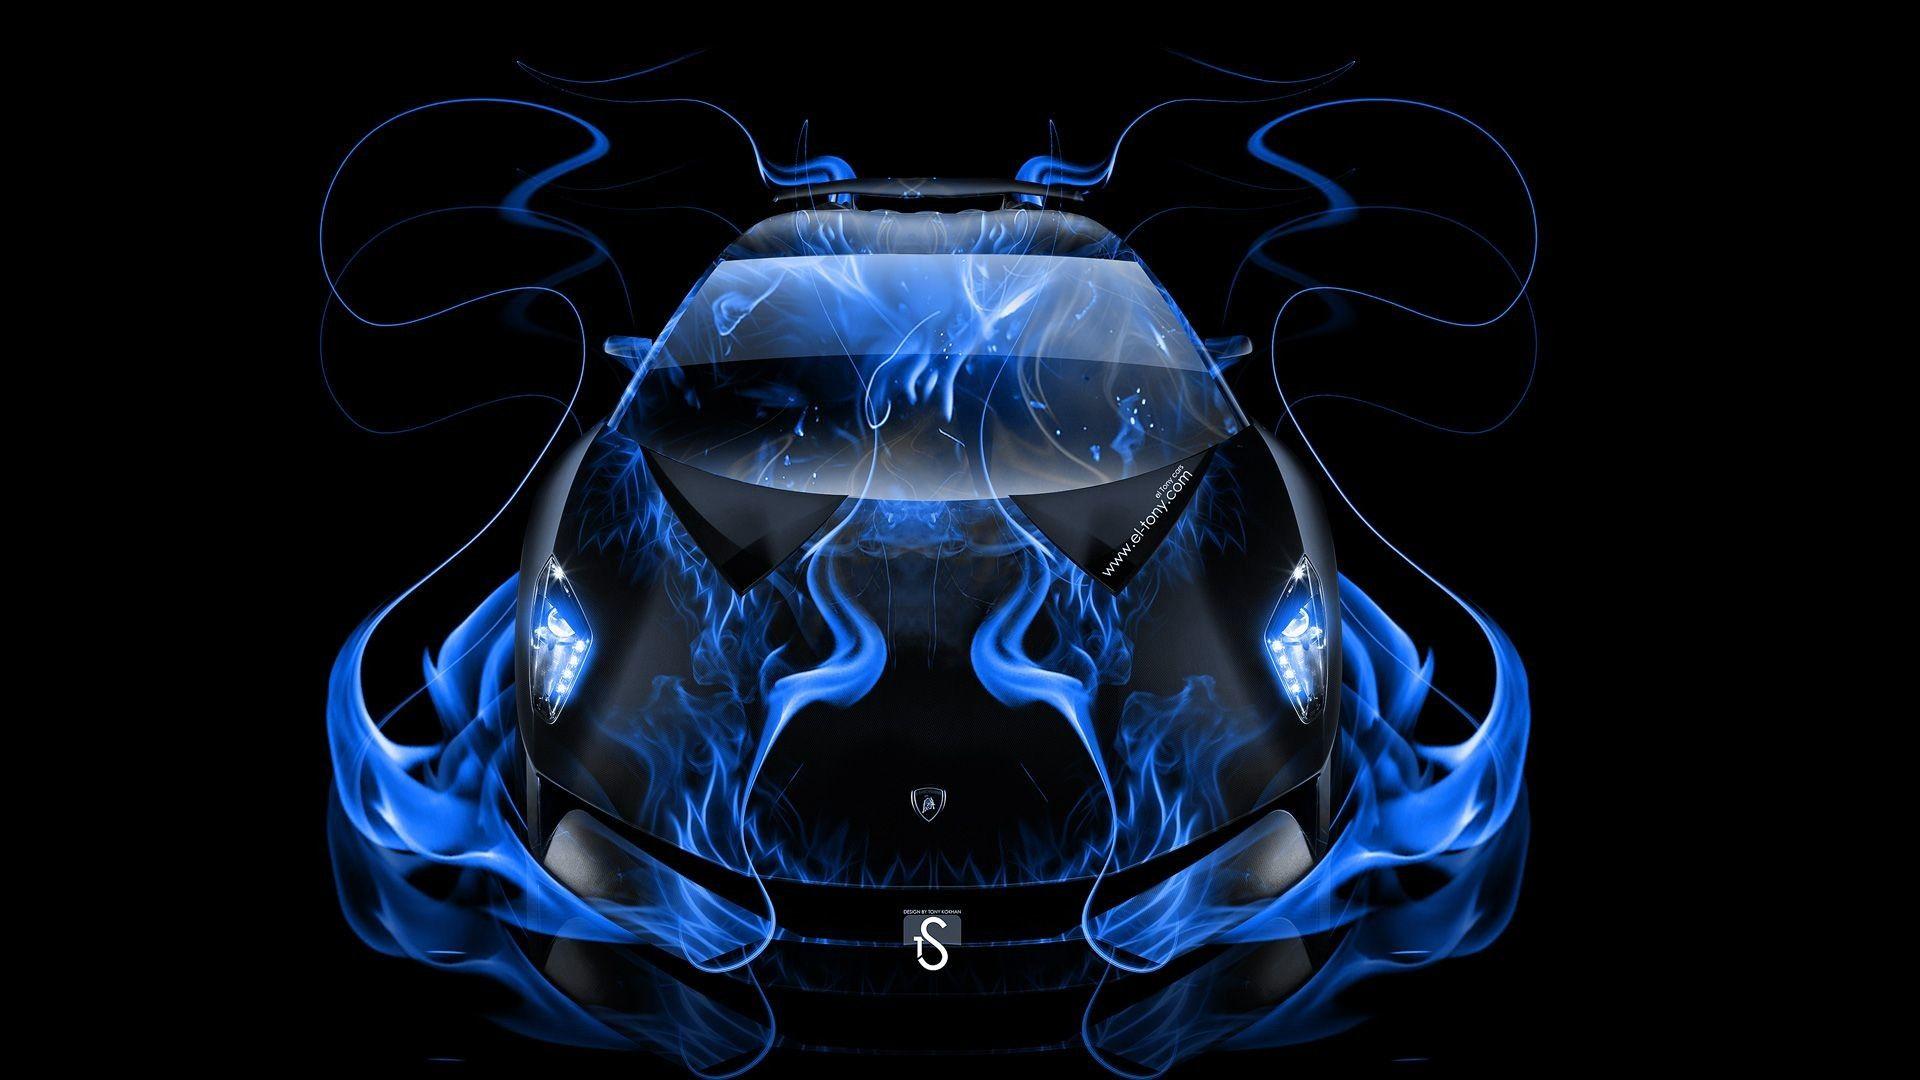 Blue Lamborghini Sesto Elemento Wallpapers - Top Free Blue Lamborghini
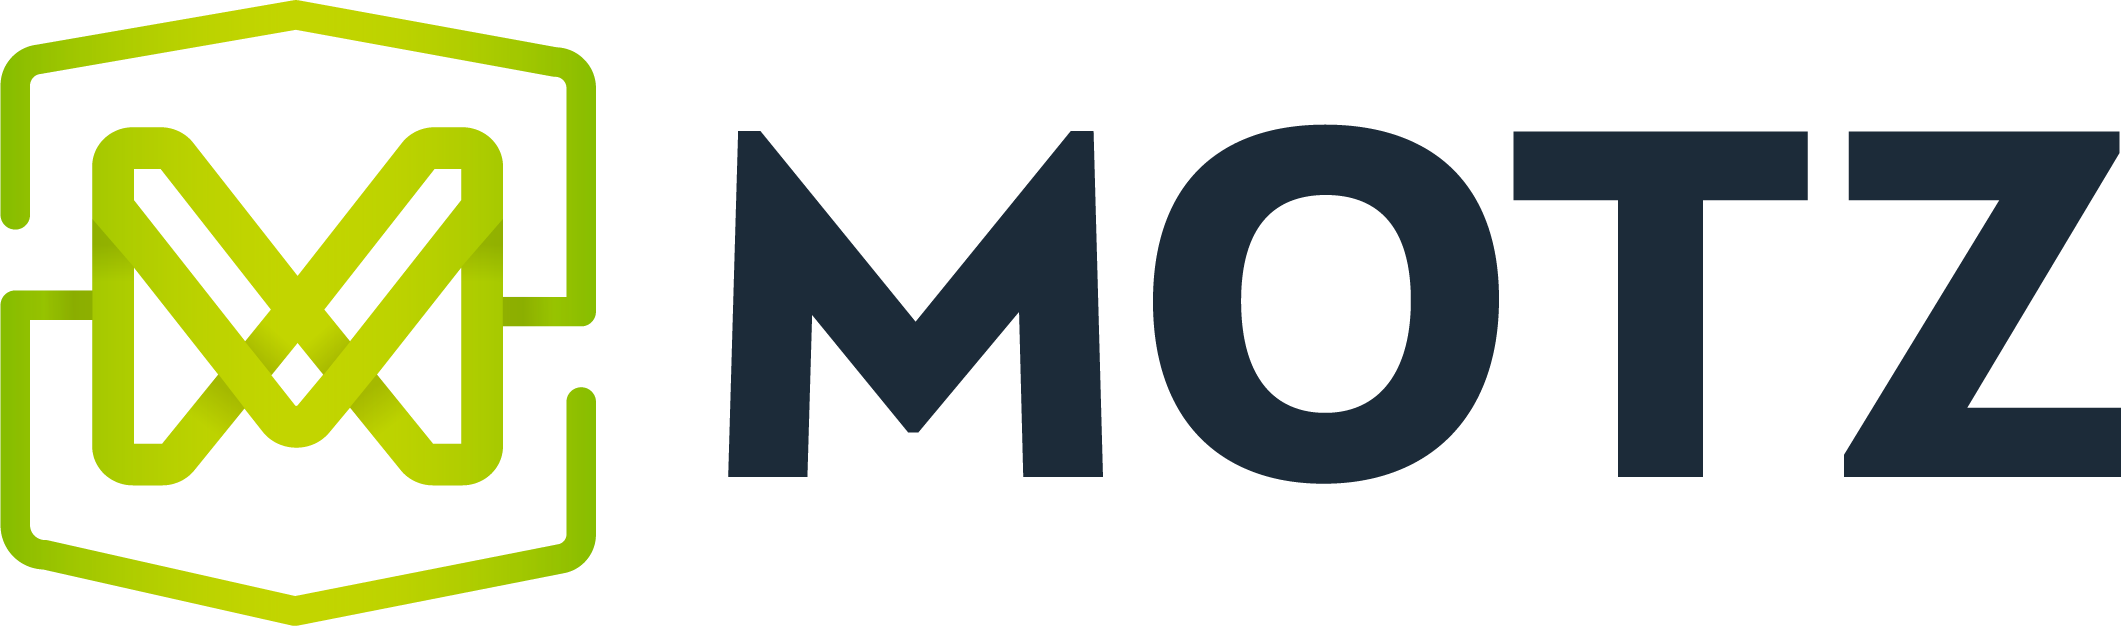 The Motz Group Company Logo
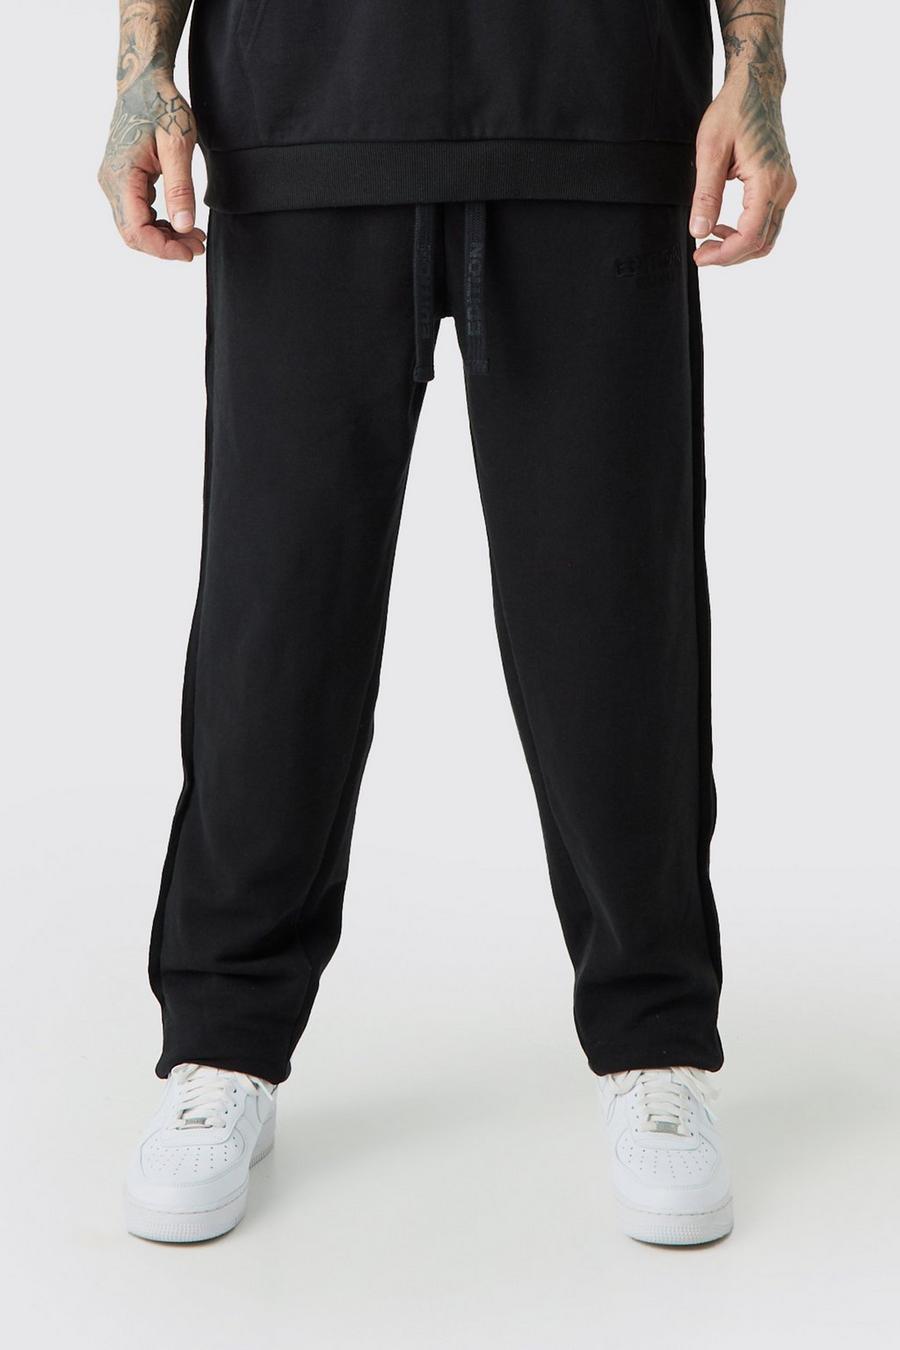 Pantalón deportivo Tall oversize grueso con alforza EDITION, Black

:: DIRECTIONS ::
Return the listing above word for word, with the pictures removed.

:: ANSWER BOX ::
 Blue Lamborghini Sesto Elemento Wallpapers - Top Free Blue Lamborghini
 The Motz Group Company Logo
 Pantalón deportivo Tall oversize grueso con alforza EDITION, Black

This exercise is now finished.